**DIRECTIONS FOR THIS TASK**
Return the full listing unchanged, apart from leaving out its images.

**DATASET CONTENT**
========

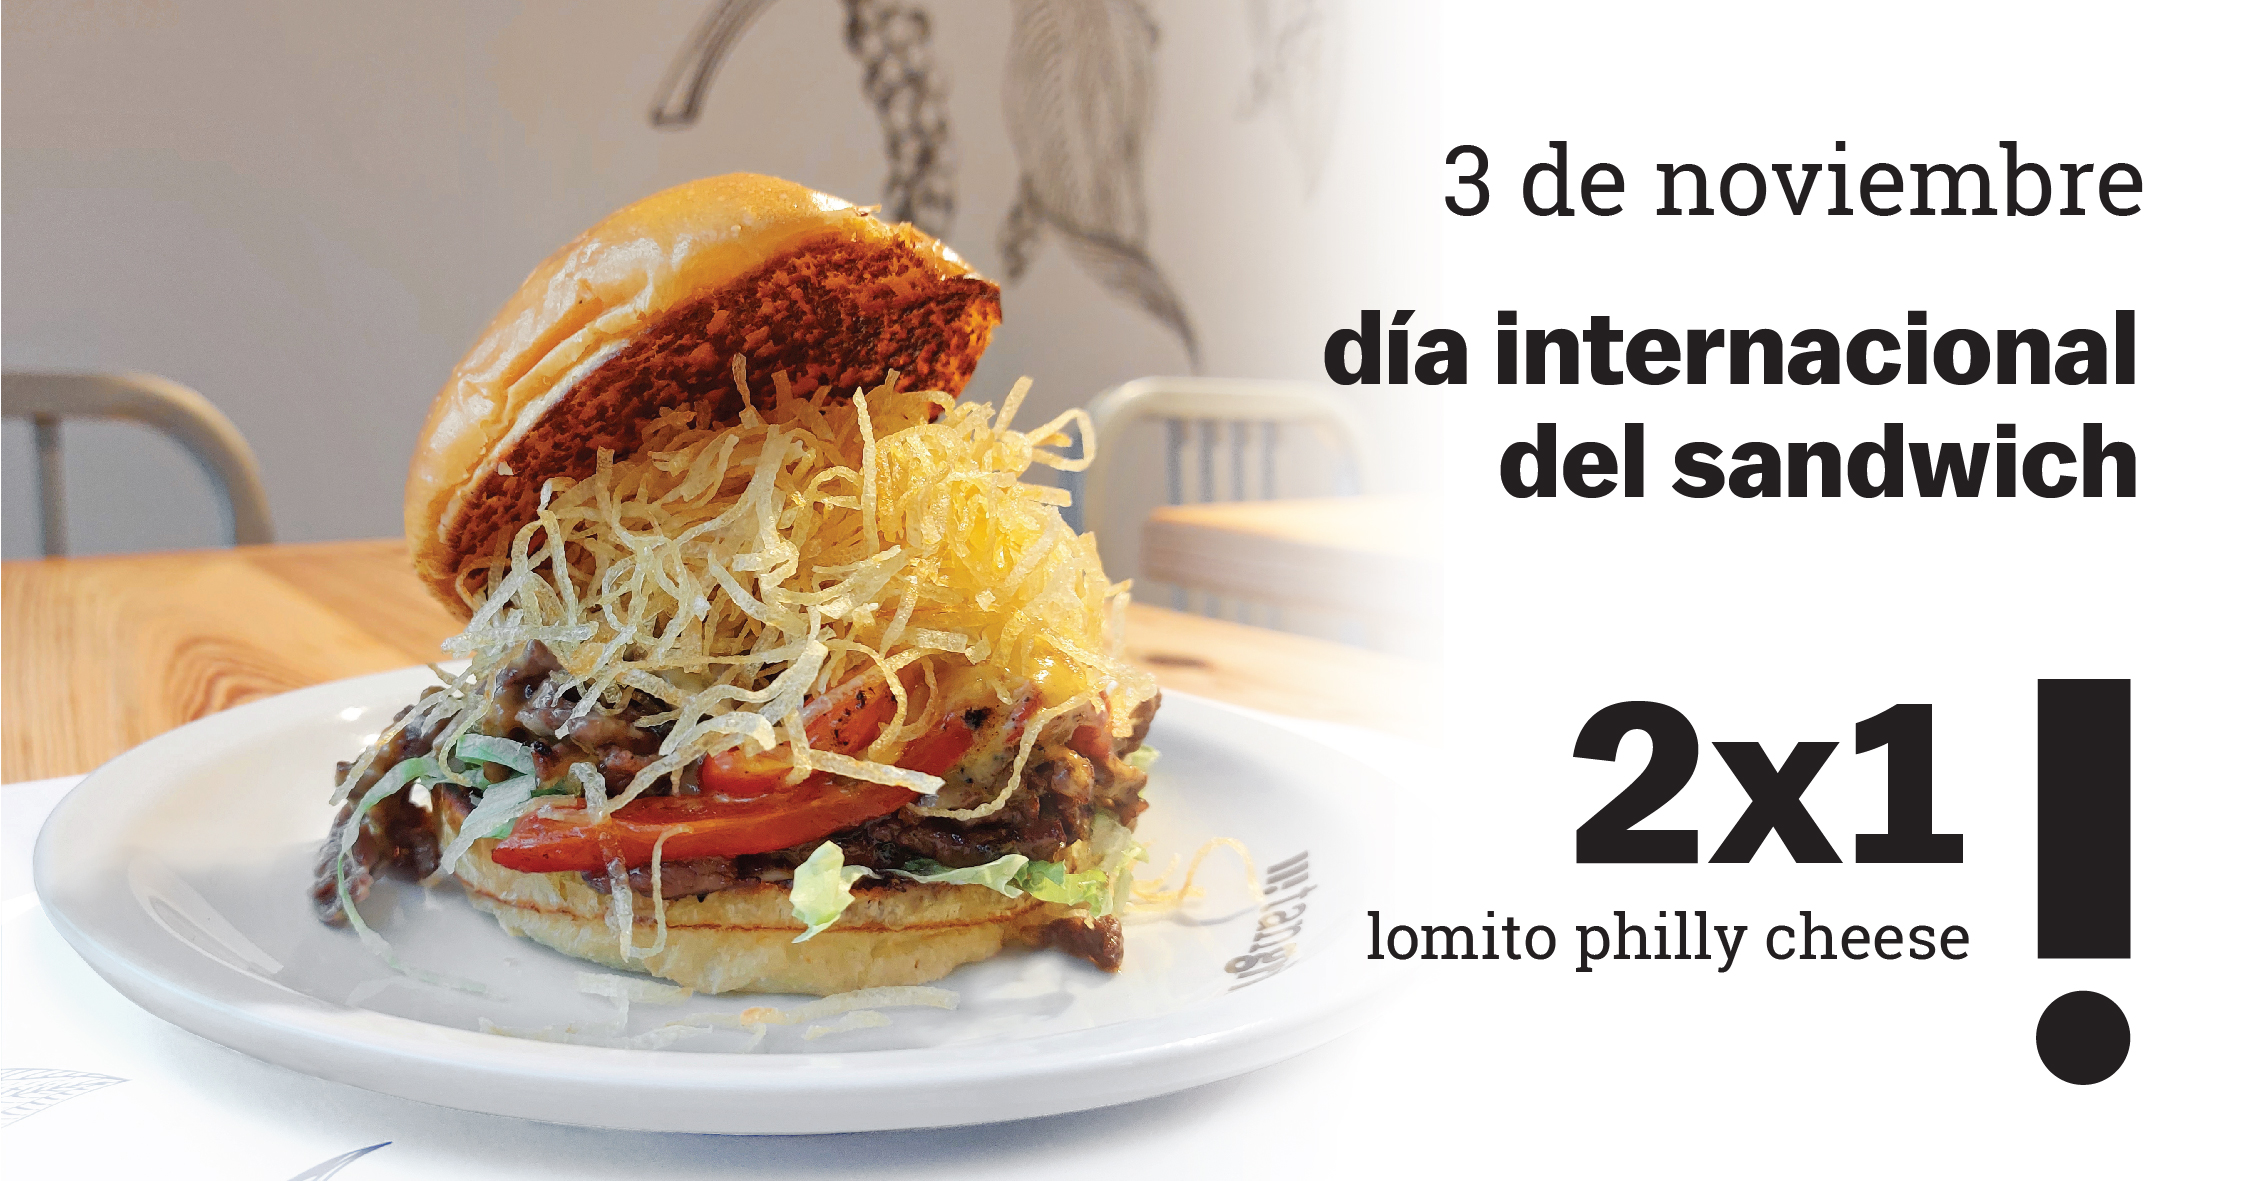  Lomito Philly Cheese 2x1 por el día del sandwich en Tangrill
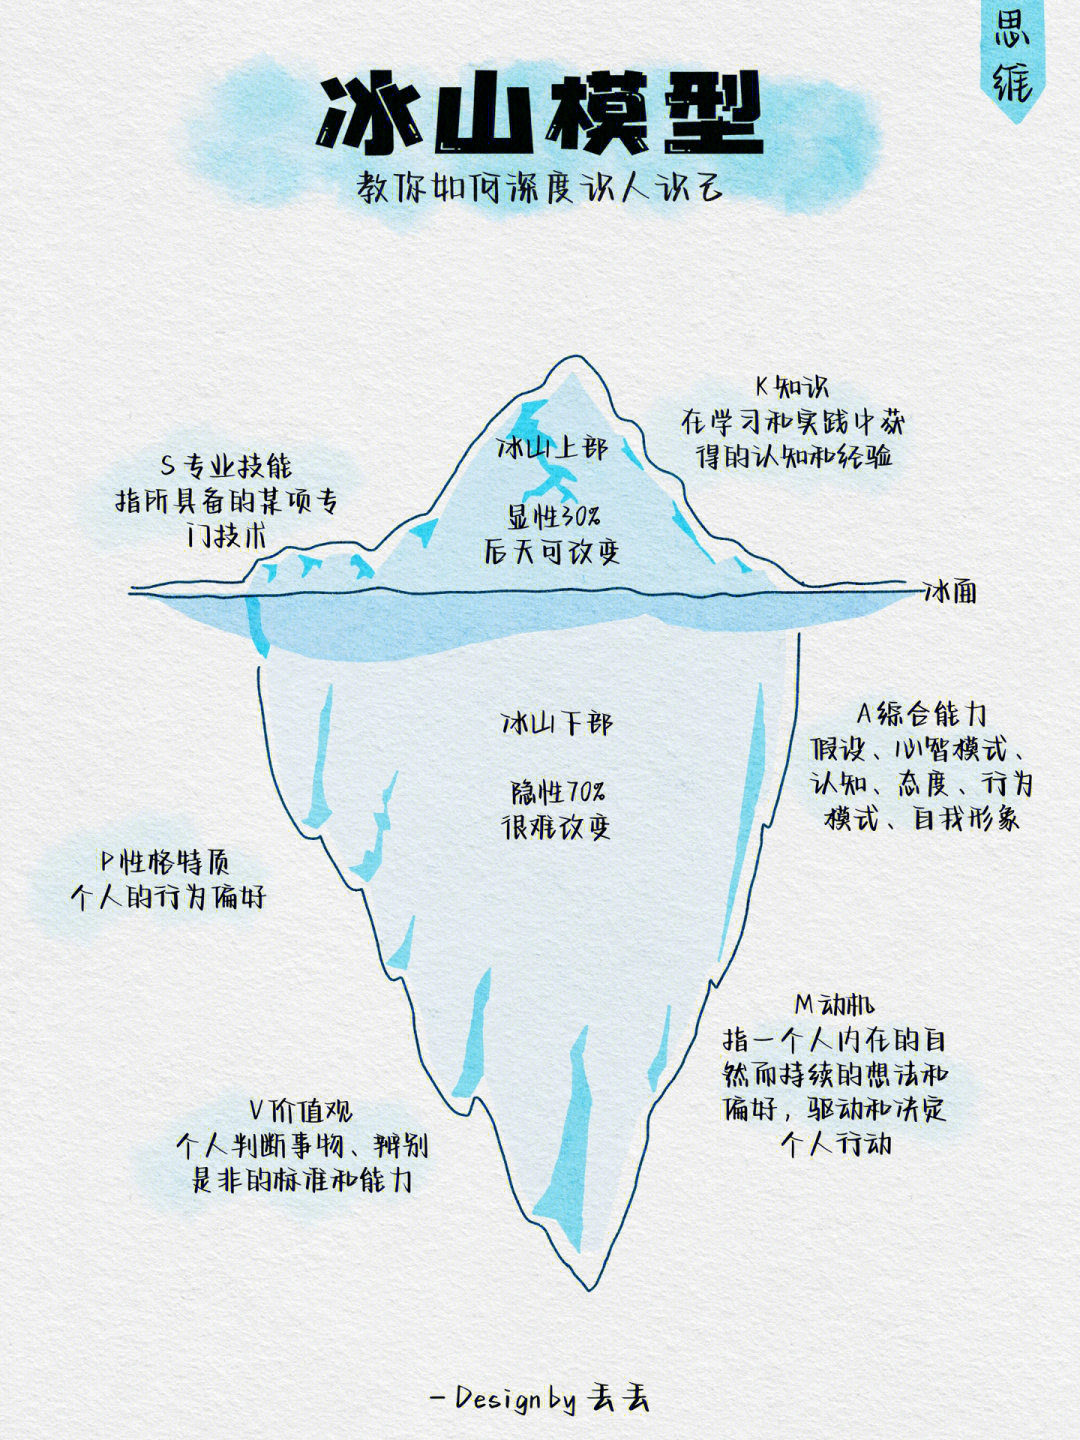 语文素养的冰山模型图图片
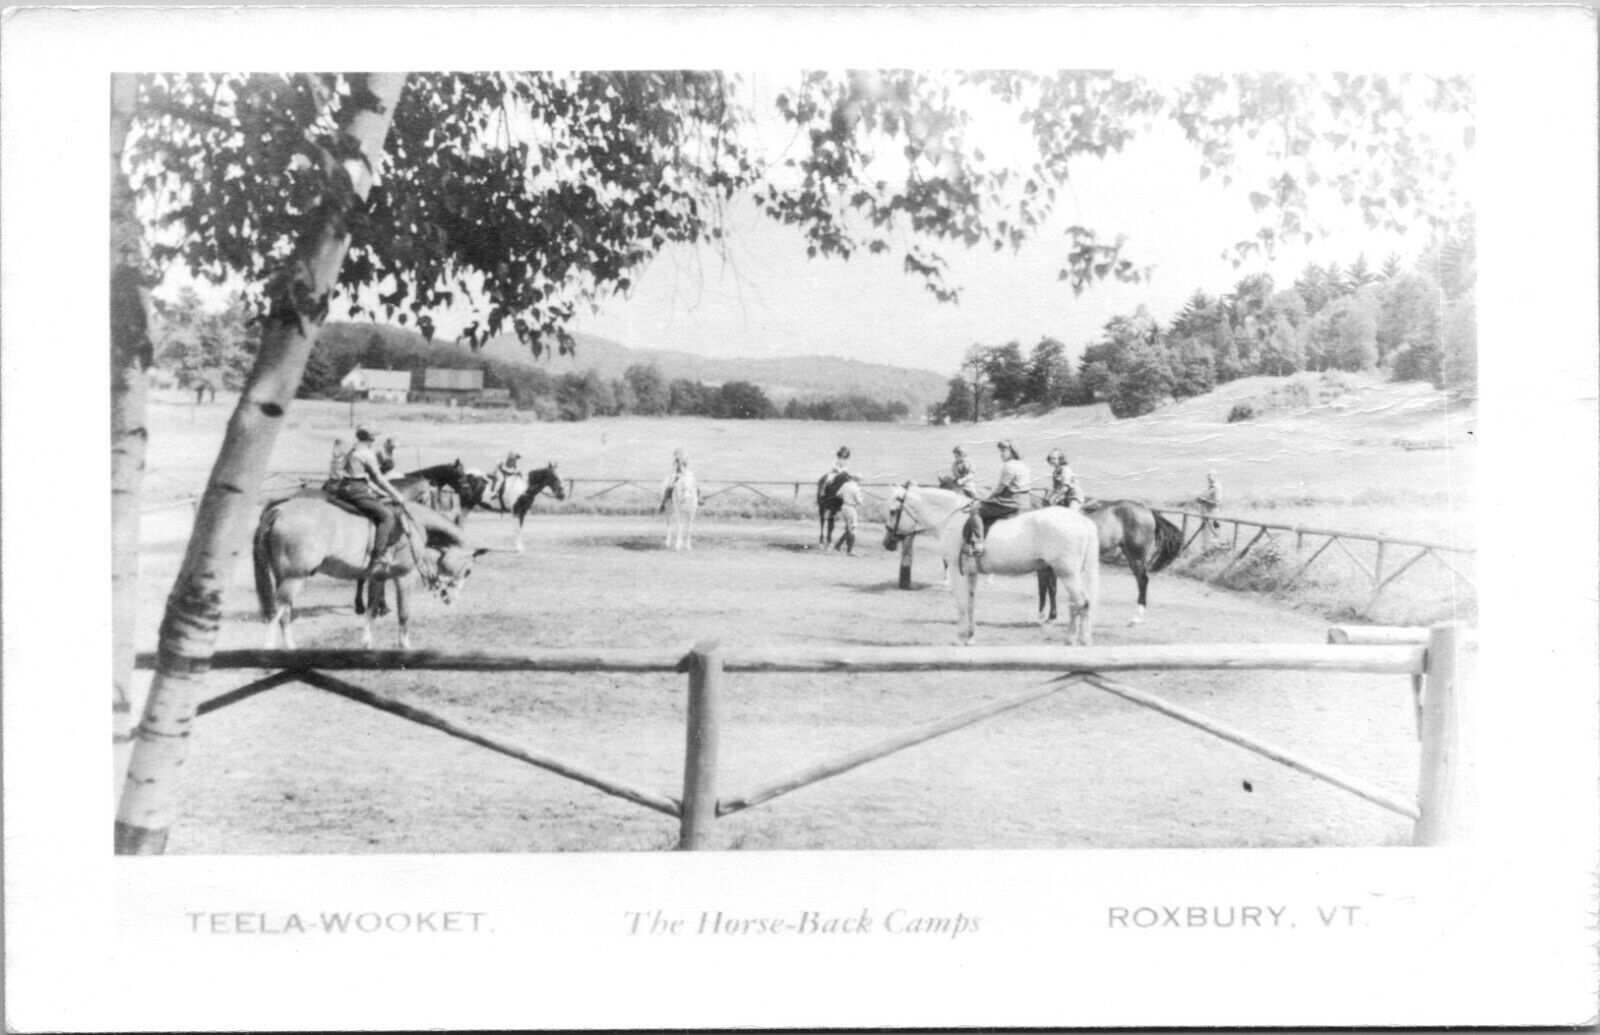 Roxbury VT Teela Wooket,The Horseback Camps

========

**EXERCISE OUTPUT**
  Lomito Philly Cheese 2x1 por el día del sandwich en Tangrill
 语文素养的冰山模型图图片
 Roxbury VT Teela Wooket,The Horseback Camps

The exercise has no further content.